• Recorded information
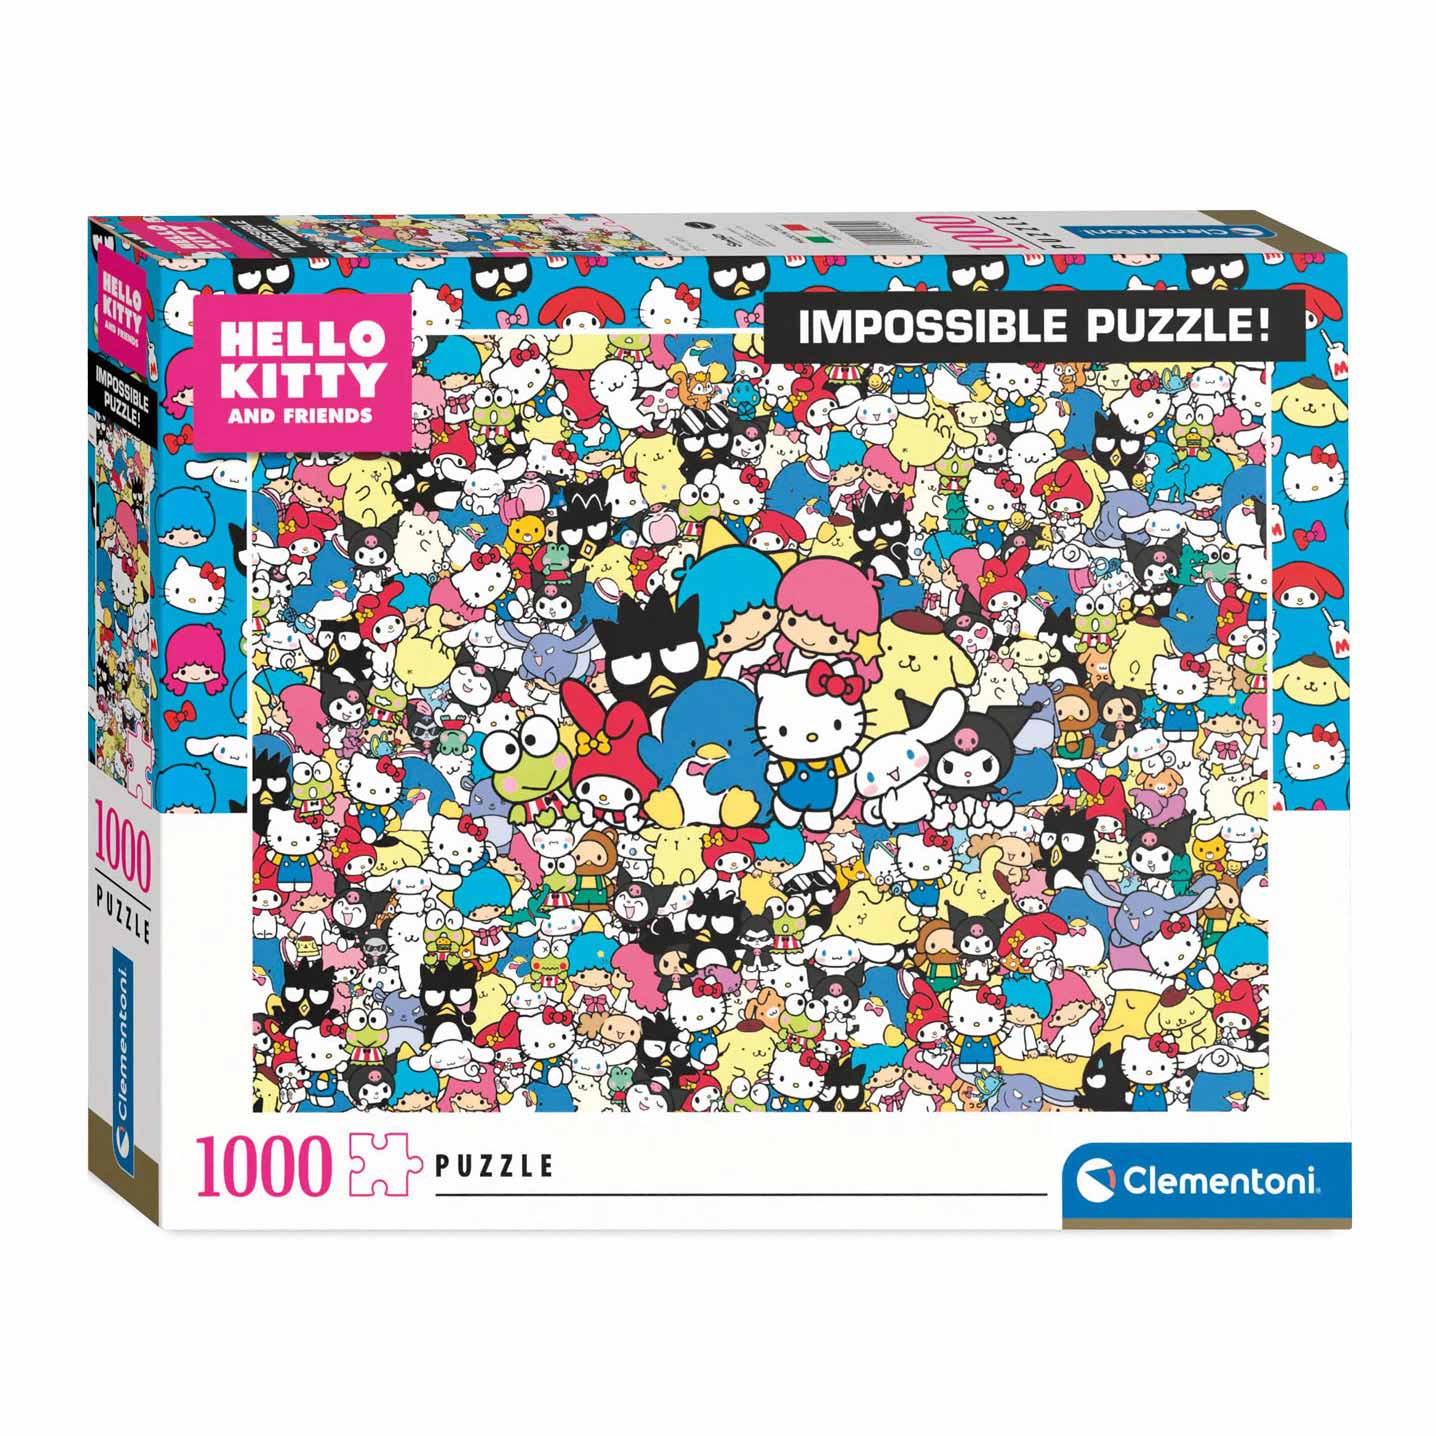 toernooi groet Mededogen Clementoni Impossible Puzzle Hello Kitty, 1000pcs. | Thimble Toys
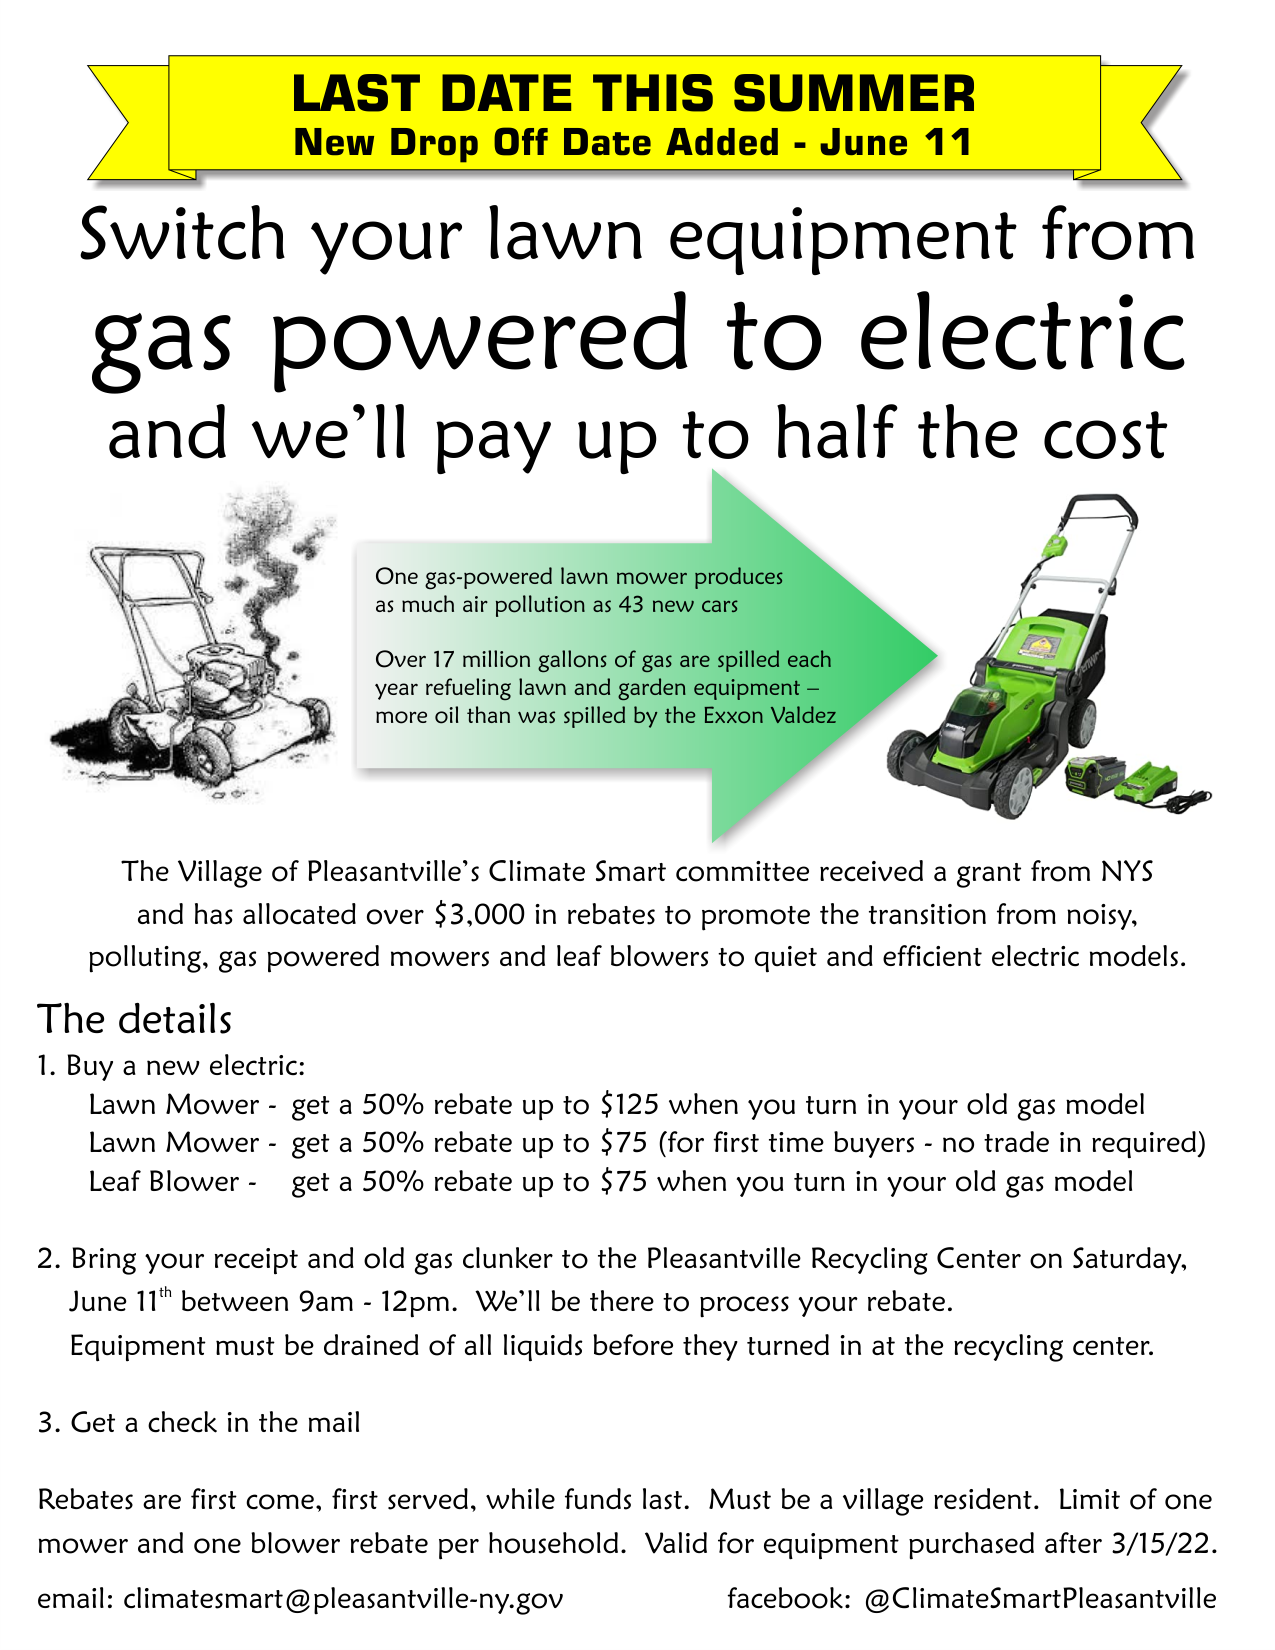 electric-lawn-mower-rebate-program-city-of-irvine
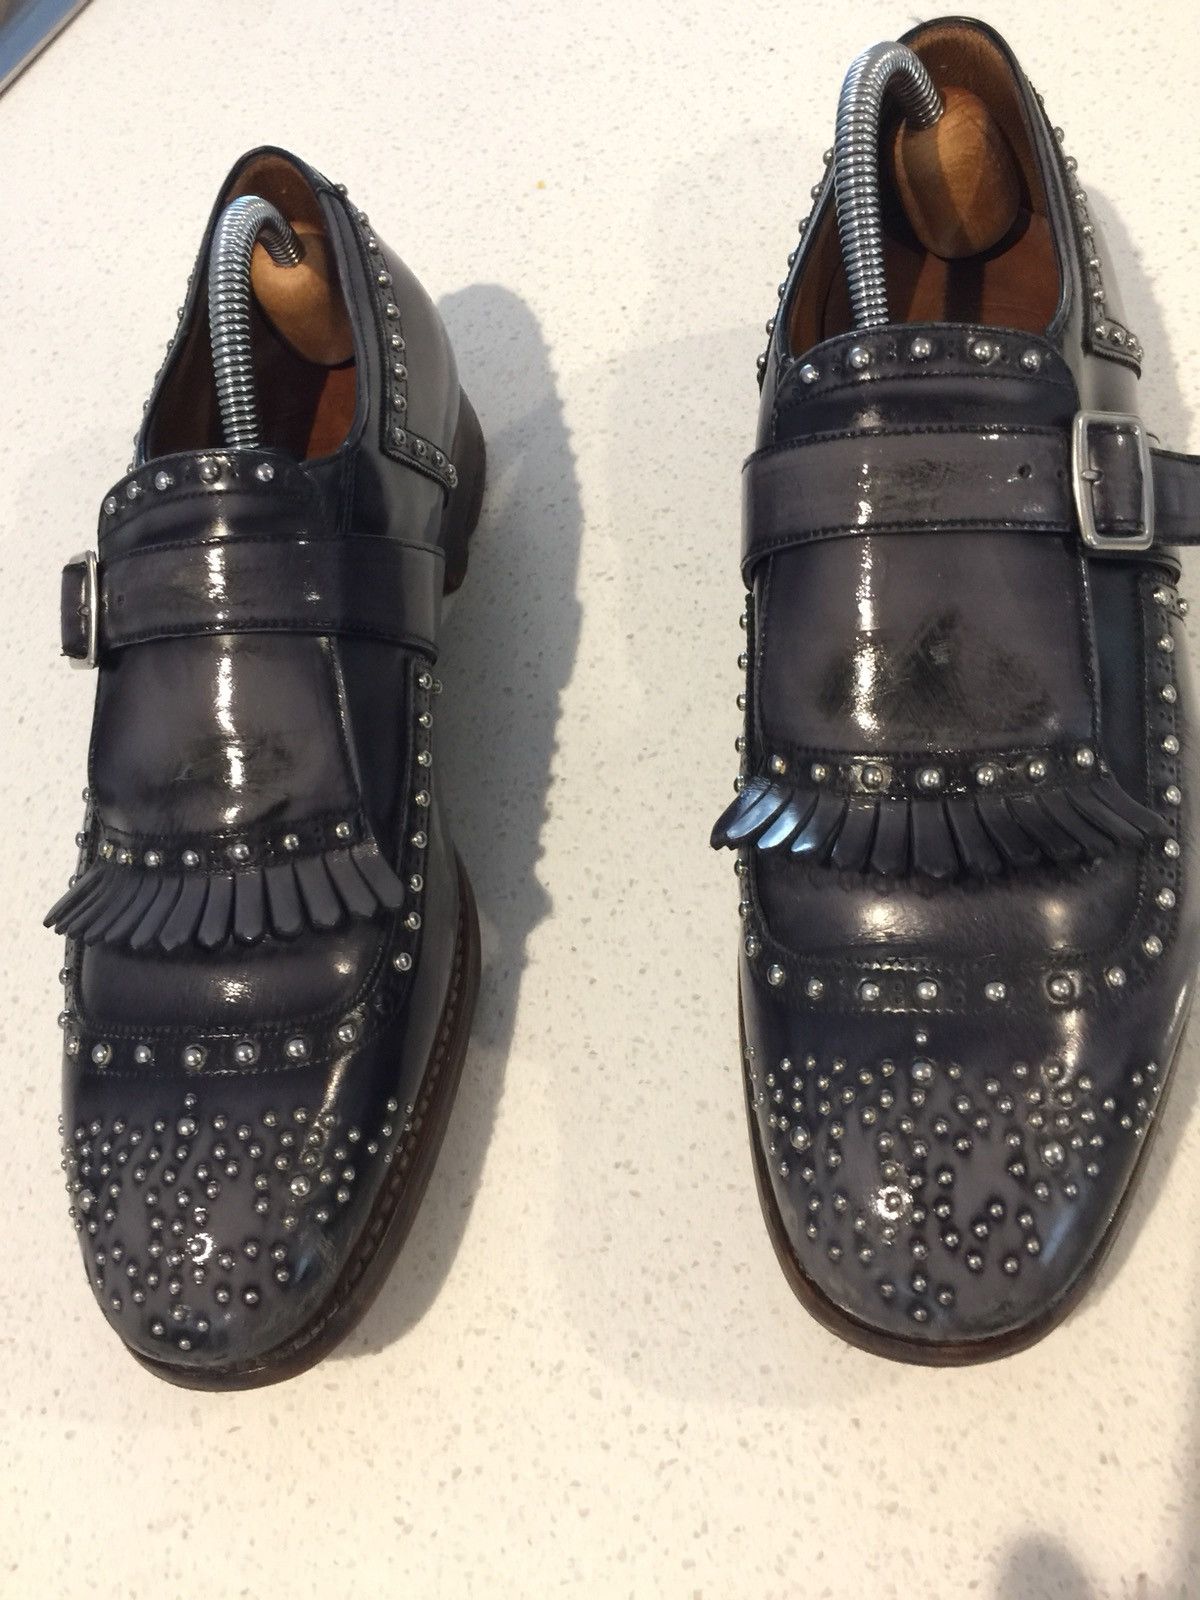 Church's Monk Strap Shoes, $1,363, farfetch.com

• Aim of the exercise
All of the material shown above needs to be duplicated exactly. Omit every picture.

• Answer to this task
 toernooi groet Mededogen Clementoni Impossible Puzzle Hello Kitty, 1000pcs. | Thimble Toys
 electric-lawn-mower-rebate-program-city-of-irvine
 Church's Monk Strap Shoes, $1,363, farfetch.com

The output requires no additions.